■ REQUIRED ACTION: Any picture in the data below should be skipped, while every line is repeated exactly.

■ EXERCISE DATA:

....................

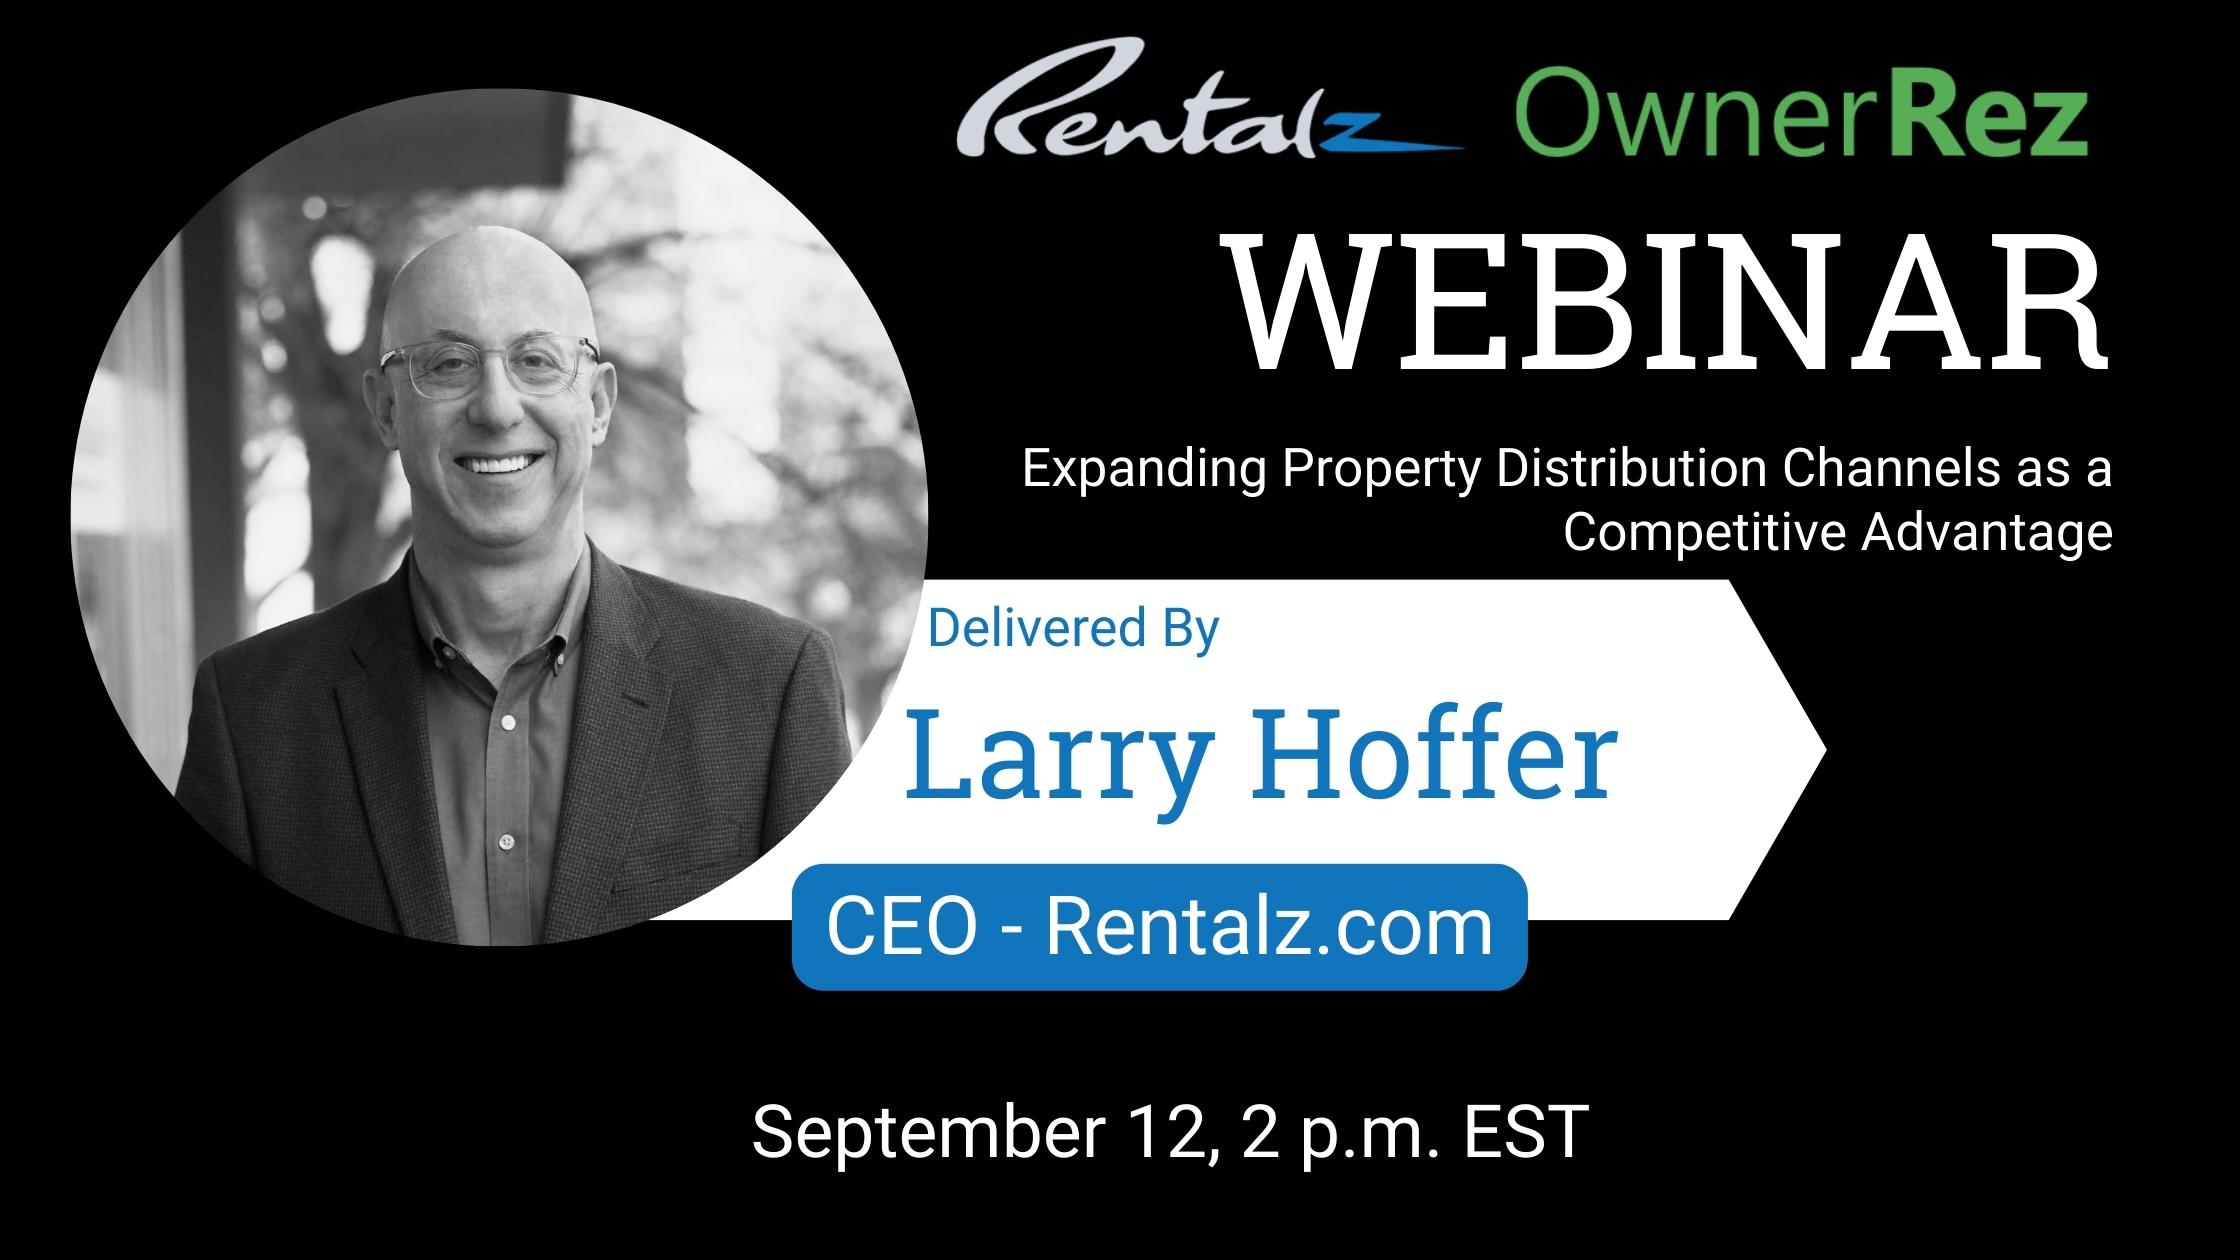 Get Ahead of the Curve: Webinar on Expanding Property Distribution Channels
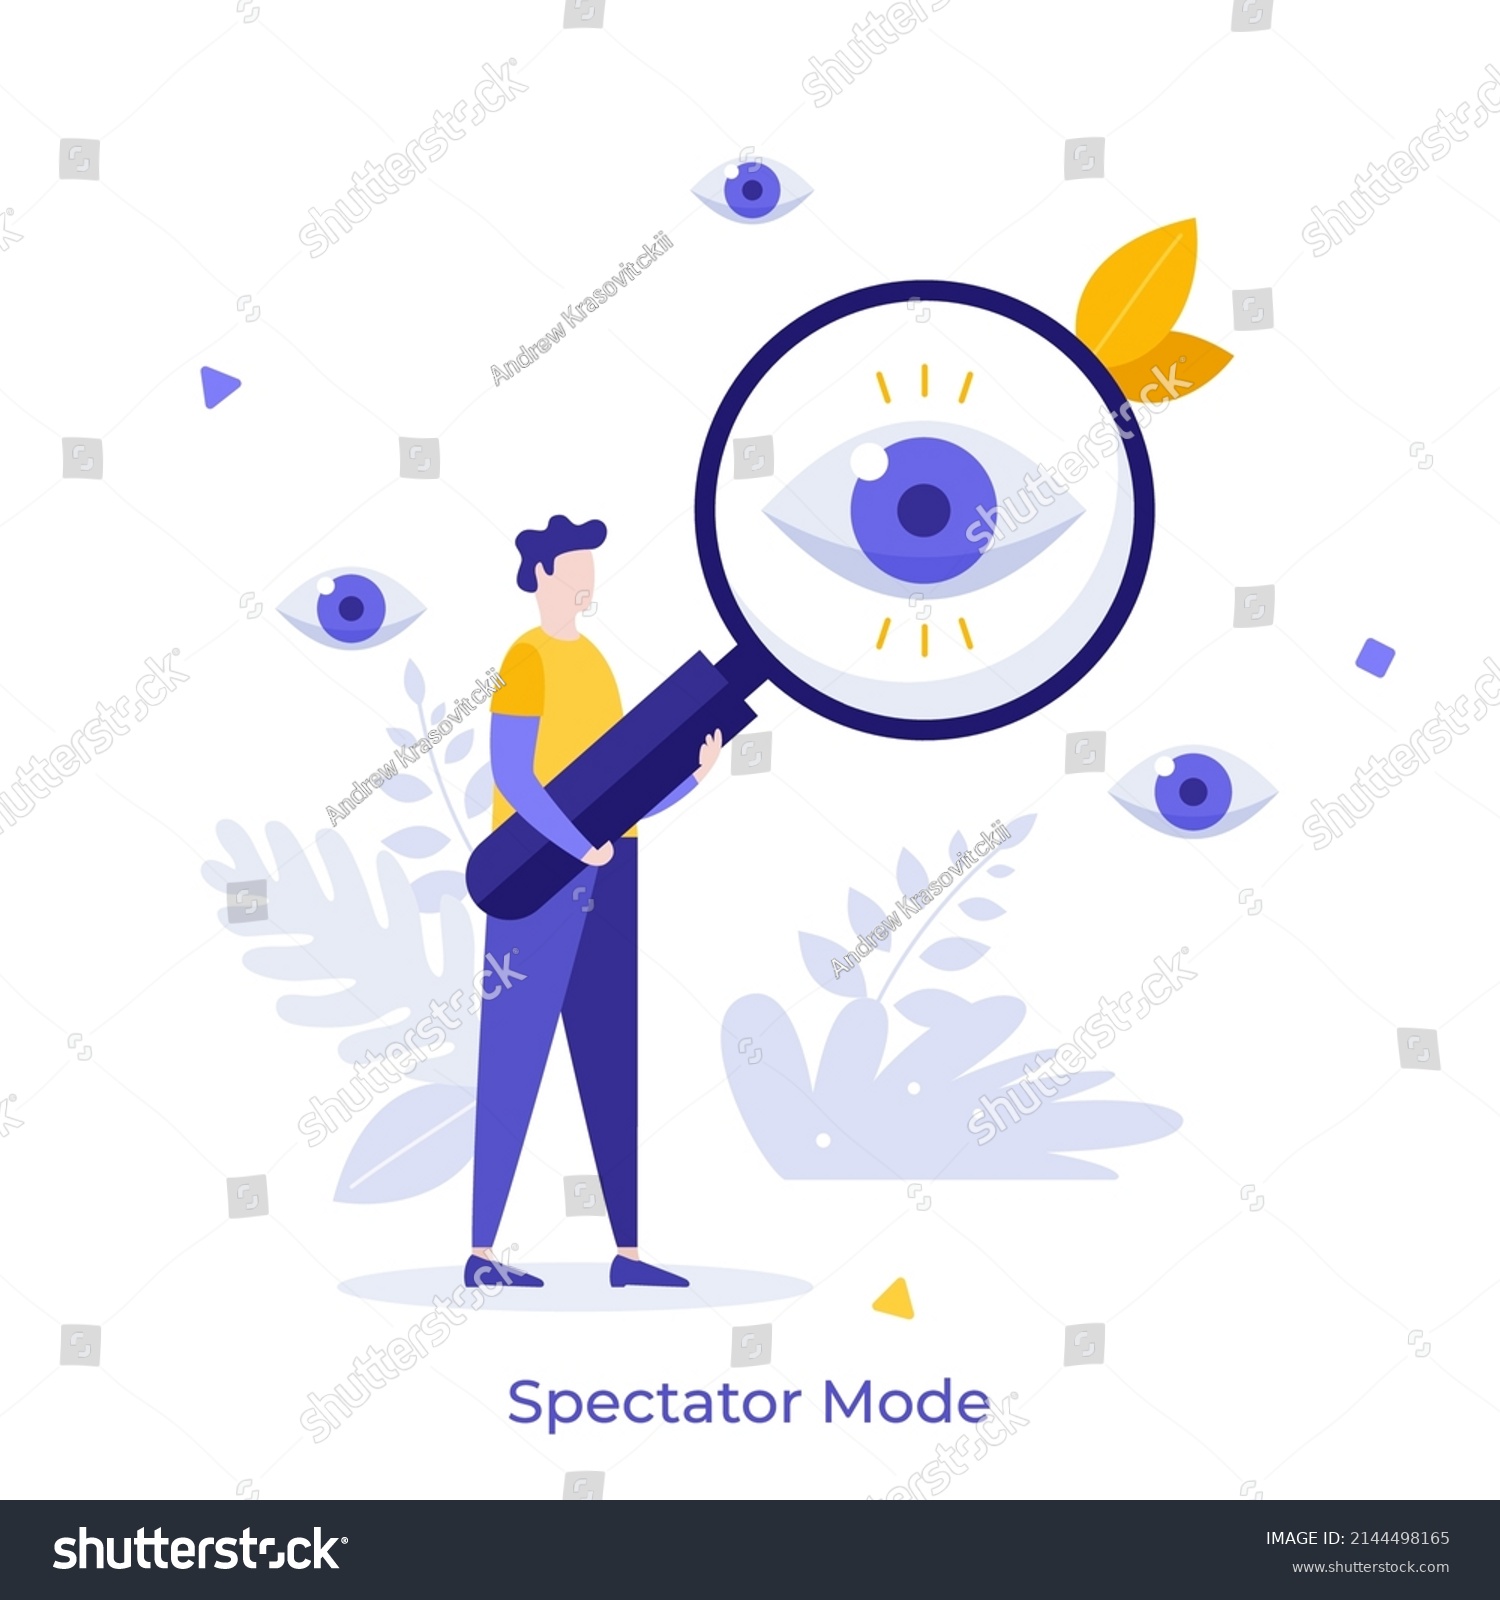 Person looking at eye through magnifying glass. Concept of spectator or observer mode, privacy option, setting to disguise internet presence. Modern flat vector illustration for banner, poster. #2144498165
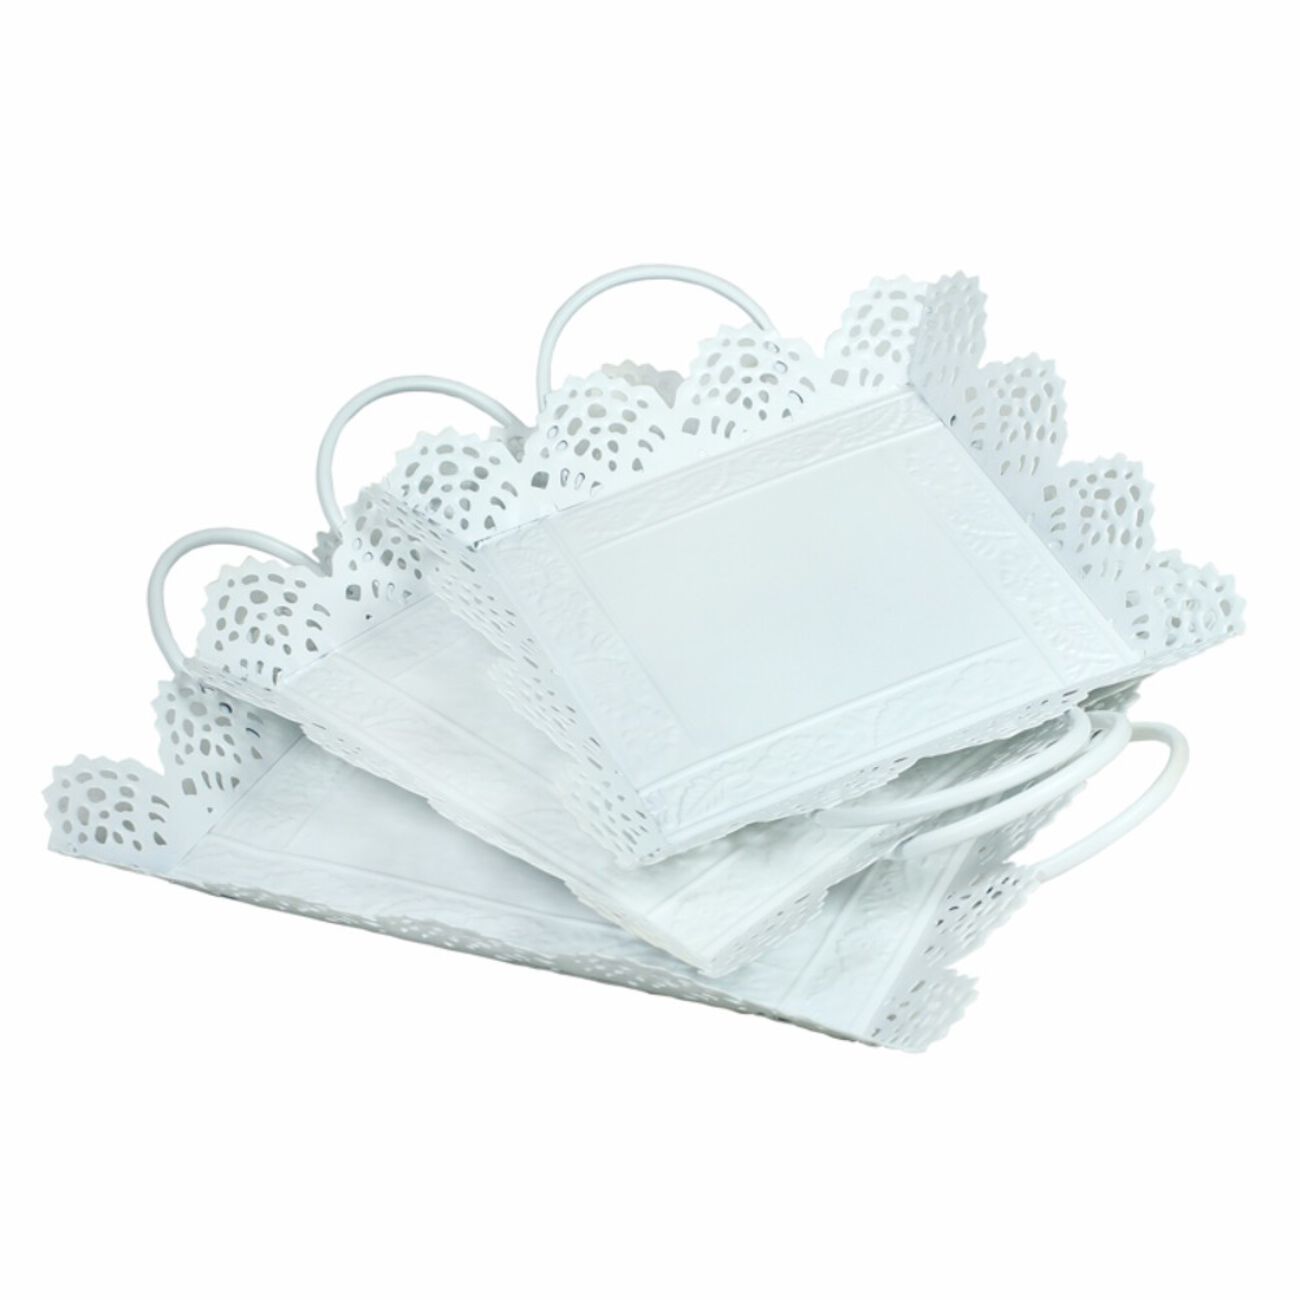 Metal Tray With Cutout Design, Set Of 3, White
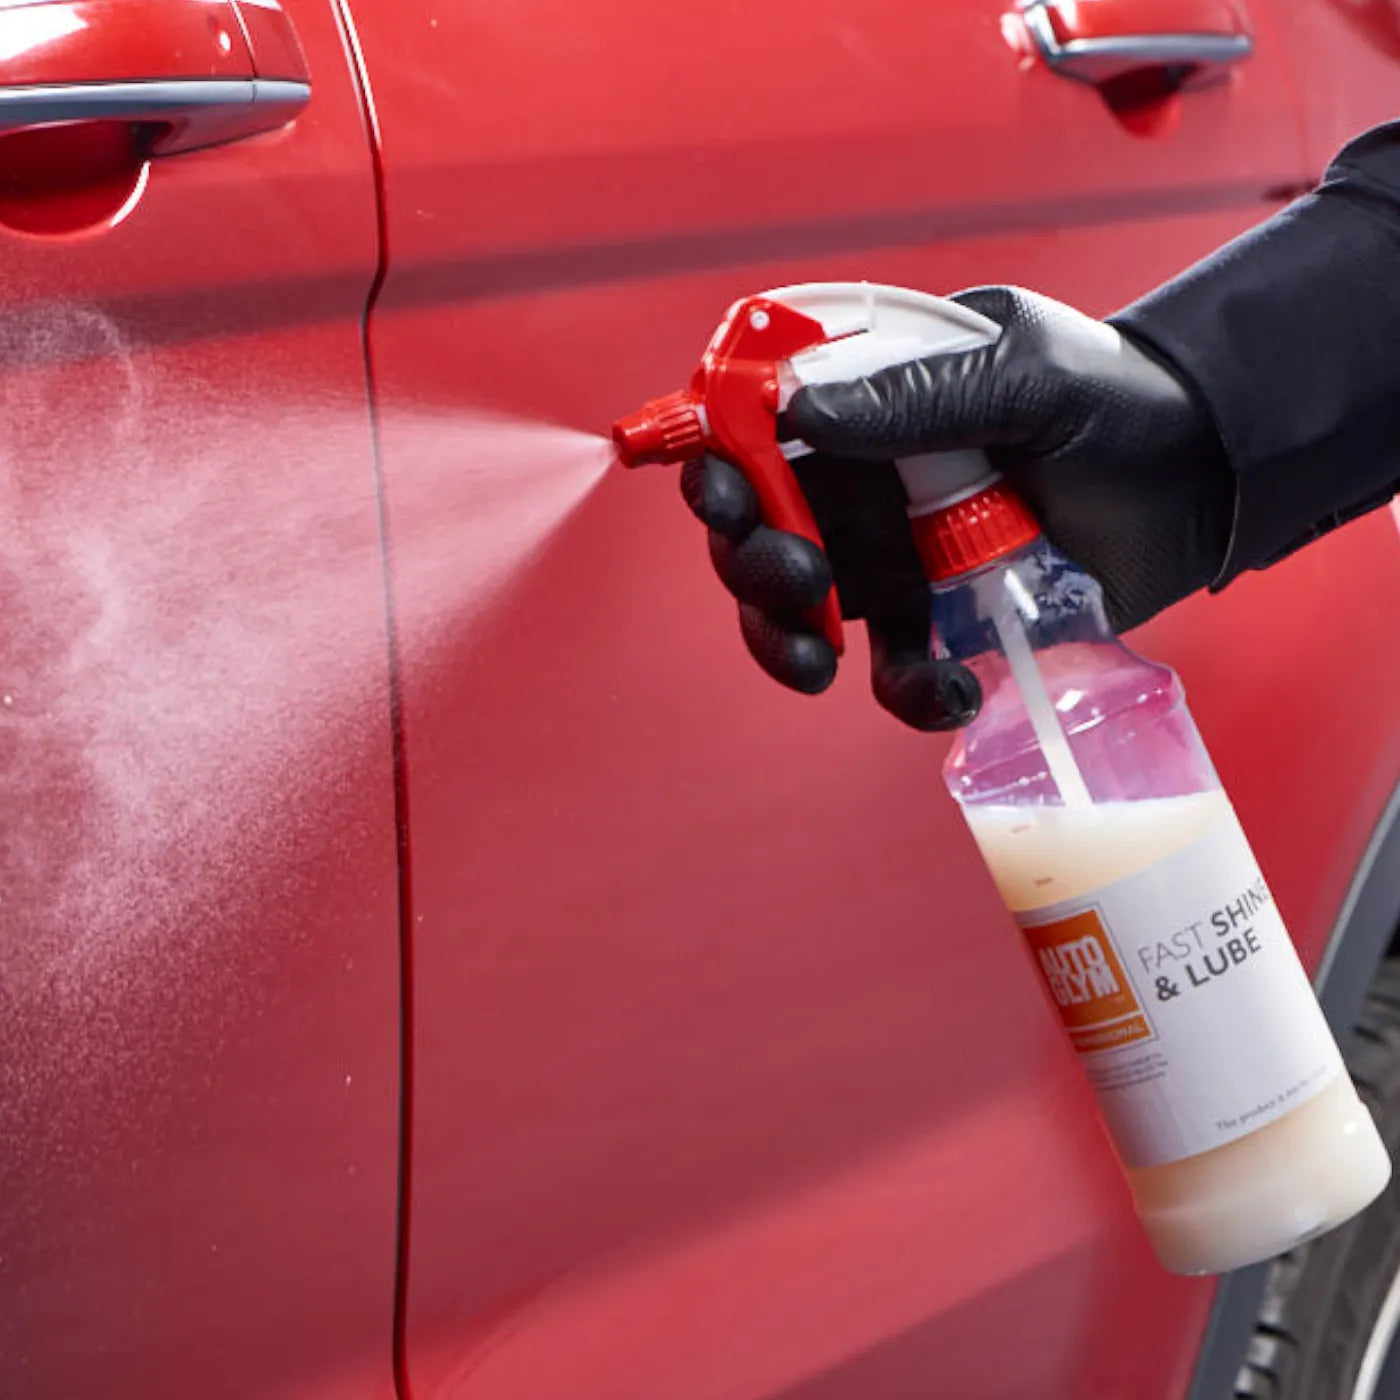 Autoglym Fast Shine and Lube Quick Detailer. Autoglym Clay Bar lubricant, Clay lube.  Autoglym Rapid Detailer. Autoglym Ireland. Autoglym Cork Ireland

....................

■ TASK OUTPUT:
 Get Ahead of the Curve: Webinar on Expanding Property Distribution Channels
 Person looking at eye through magnifying glass. Concept of spectator or observer mode, privacy option, setting to disguise internet presence. Modern flat vector illustration for banner, poster. #2144498165
 Metal Tray With Cutout Design, Set Of 3, White
 Autoglym Fast Shine and Lube Quick Detailer. Autoglym Clay Bar lubricant, Clay lube.  Autoglym Rapid Detailer. Autoglym Ireland. Autoglym Cork Ireland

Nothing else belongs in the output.